Well 2018 is off to a big start, unfortunately, not the start Intel was hoping for. Intel disclosed that the design of its processors are flawed. However, the company said that this issue will not affect everyday customers.
“The issue is found in how Intel processors work with page tables for handling virtual memory. It is believed that an exploit would be able to observe the content of privileged memory by exploiting a technique called speculative execution. Speculative execution is a part of a methodology called out-of-order execution (OOE), where basically the CPU makes an educated guess on what will happen next based on the data it has. It’s designed to speed up the CPU rather than burn up CPU cycles working its way through a process. It’s all meant to make the CPU as efficient as possible.” Network World – on Intel Processors
Conflicting statements are being made, stating that the security vulnerabilities in Intel, AMD and ARM processors affect almost every PC, smart phone or tablet. Futher explaining that, “the underlying vulnerability is primarily caused by CPU implementation optimization choices. Fully removing the vulnerability requires replacing vulnerable CPU hardware,” says the bulletin.
A short, but brutal, security update from the Computer Emergency Response Team Coordination Center (CERT/CC) lays out exactly how hard these vulnerabilities are going to be to fixed. Stamping out this issue once and for all will require drastic measures, says CERT.
There are operating system and software patches for Microsoft Windows, Google Android, the Linux operating system, and reportedly Apple MacOS that “mitigate the underlying hardware vulnerability,” and are thus worth installing, as CERT/CC writes in its bulletin.
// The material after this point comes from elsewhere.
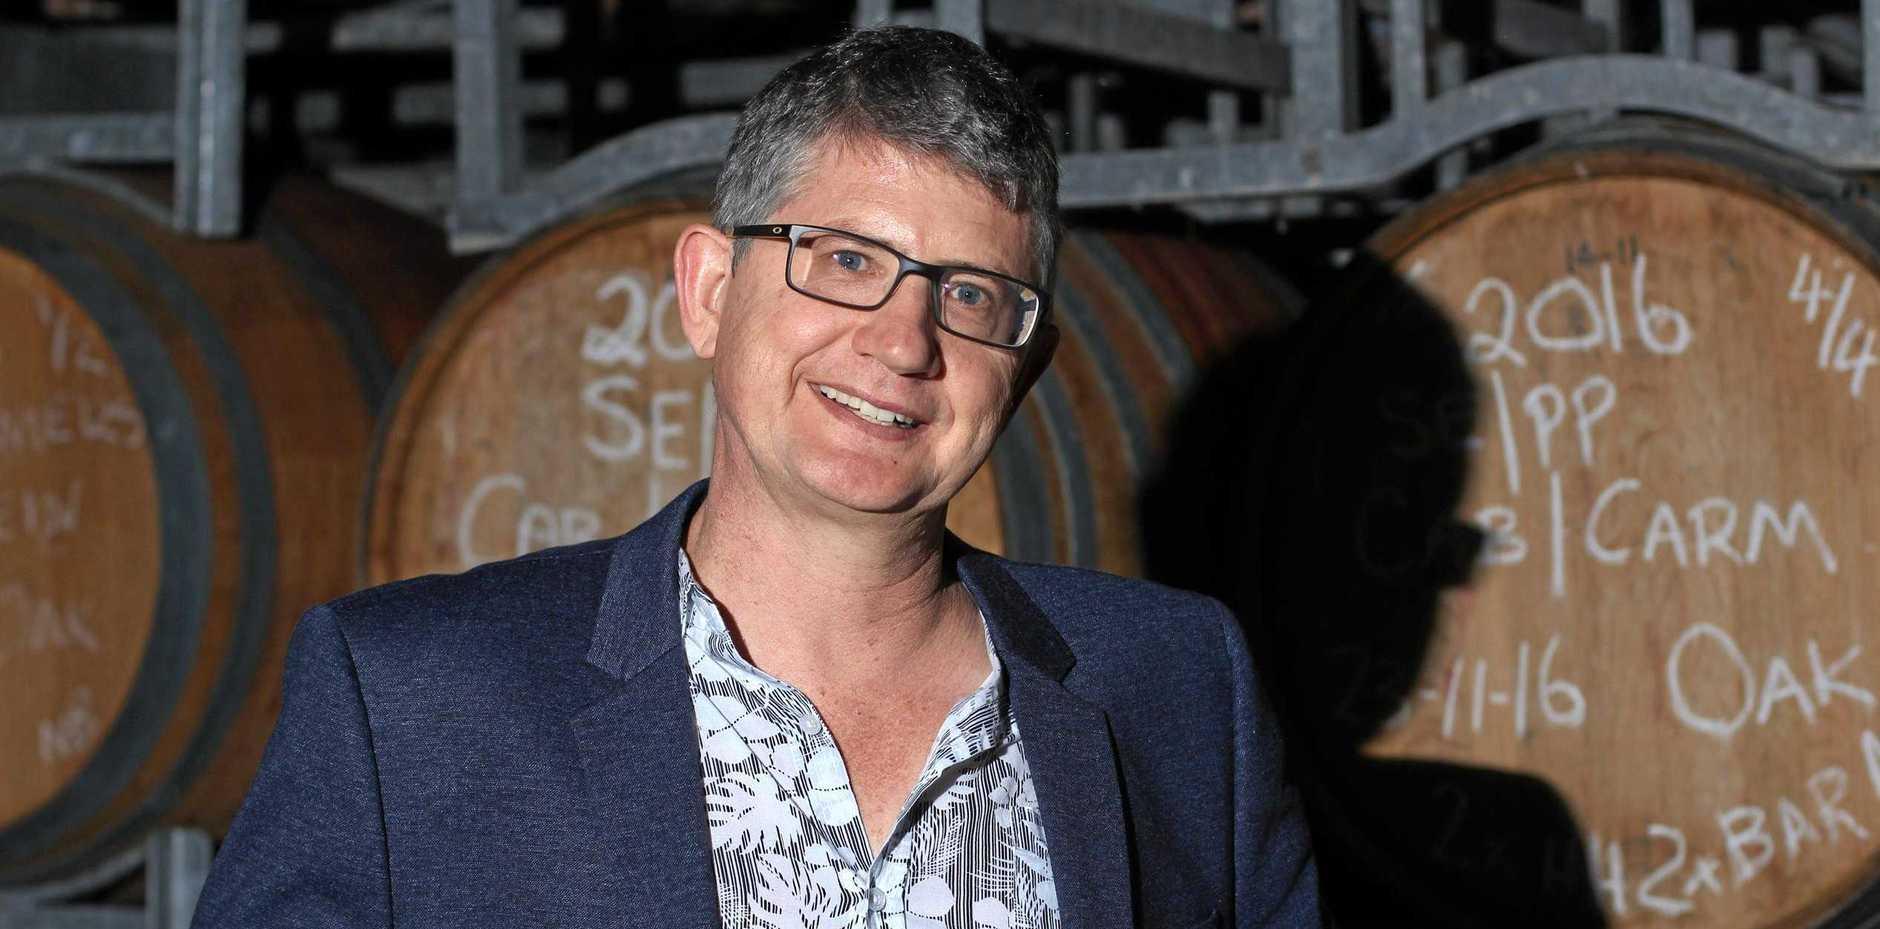 Symphony Hill Wines owner Ewen Macpherson.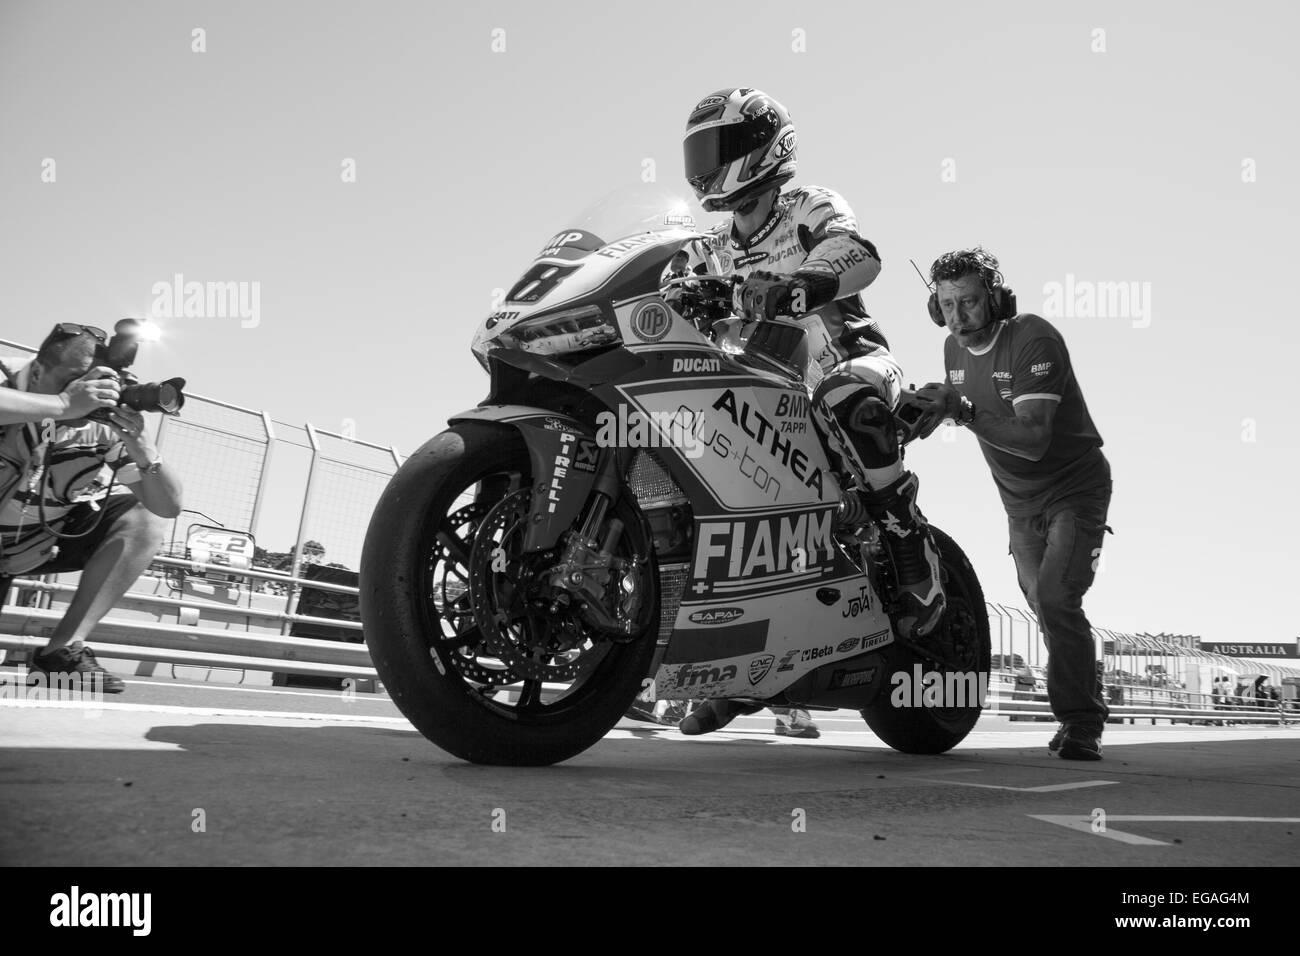 Phillip Island Grand Prix Circuit, Australia. Saturday, 21 February, 2015. Free Practice 4. Nicolas Terol heads Stock Photo

In order to fix the problem in it entirety, Intel will need to redesign a processor that does not rely on speculative execution. And while we wait for those processors to come around, some of the operating system patches that mitigate the risk of a Meltdown or Spectre attack are reported by researchers to carry a hit to processor performance of as much as 30%. That performance hit has critics like Linux creator Linus Torvalds in a frenzy.